Even more revolutionary was the ancient Israelites’ concept of limited governance. Their king did not enjoy absolute power. He was constrained from below by the authority vested in priests, prophets and judges, and from above by the belief that the supreme ruler whose laws even the king had to follow was the Almighty himself. 

As David Nirenberg writes in his book Anti-Judaism; The History of a Way of Thinking, during the 17th century English civil war Judaism provided the answer to many urgent questions about the relationship between scripture, sovereigns and subjects. 

Under Oliver Cromwell, some advocated turning parliament into a “sanhedrin or supreme council” patterned on the Biblical high court of the kingdom of Judea. 

The lawyer and “Long Parliament” member John Seldon corresponded with rabbis in the hope of using divine commands to buttress parliament’s aim of extending the rule of law and its institutions even over the church and the crown. 

In Leviathan, the seventeenth century philosopher Thomas Hobbes  argued that God had himself set sharp limits on his own political power. The authority of Moses, wrote Hobbes, was grounded in the consent of the people and their promise voluntarily to obey the divine voice that they believed spoke through him.

In America, the Hebrew Bible is integral to its foundational institutions and laws. The Liberty Bell is engraved with an inscription from Leviticus: “Proclaim liberty throughout all the land unto all the inhabitants thereof”. 

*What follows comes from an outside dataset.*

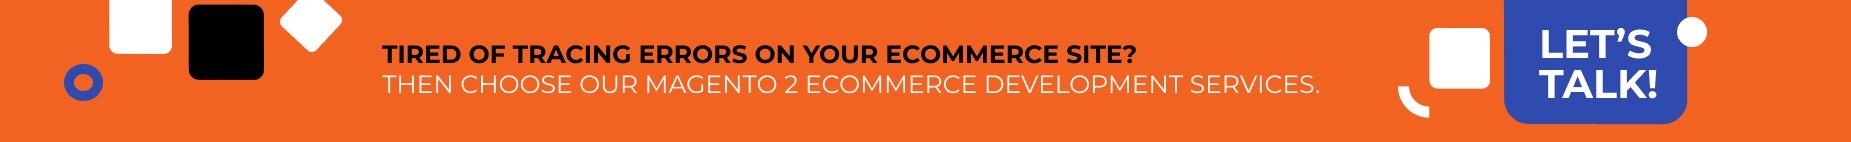 WebMeridian offers Magento 2 eCommerce website development services

America’s founding fathers made repeated reference to Biblical  sources.

The novelist Herman Melville wrote: “Escaped from the house of bondage, Israel of old did not follow after the ways of the Egyptians. To her was given an express dispensation; to her were given new things under the sun. And we Americans are the peculiar chosen people — the Israel of our time; we bear the ark of the liberties of the world”.

Many non-Jews, however, don’t realise that the Jews are a people with an ancient nation at all. The key difference between people and a people often fails to be acknowledged, particularly among those hostile to Israel’s existence.

Such opponents accuse Zionists of having claimed that Palestine was given to the Jews as “a land without people for a people without a land” — falsely, it’s said, because there were people living there and those people were Arabs. 

But this is a misquotation of what was actually said by the 19th century Scottish clergyman, Dr Alexander Keith. He urged Christians to help the Jews who were “a people without a country” to return to “a country without a people”. 

The indefinite article was crucial. People may live everywhere. But the claim to rule a piece of territory can only legitimately be made by a people whose particular collective identity is defined within its borders. And in pre-Israel Palestine, whose Arab residents had no such particular collective identity, that legitimate claim was made by the Jewish people alone.

Palestinian Arabs go to enormous lengths to deny this by asserting the falsehood that they and not the Jews are the indigenous people of the land. They write the Jewish people out of their own national story — which they try to conceal by stealing or trashing the archaeological evidence of that ancient kingdom that is constantly being excavated in Jerusalem and elsewhere.

The west abounds with people who disdain the nation-state, are hostile to Israel and believe that, like all religions, Judaism embodies obscurantism, authoritarianism and repression. 

It’s ironic, therefore, that so many of them also support the Ukrainian resistance — which owes so much to Judaism, the foundational creed of political freedom.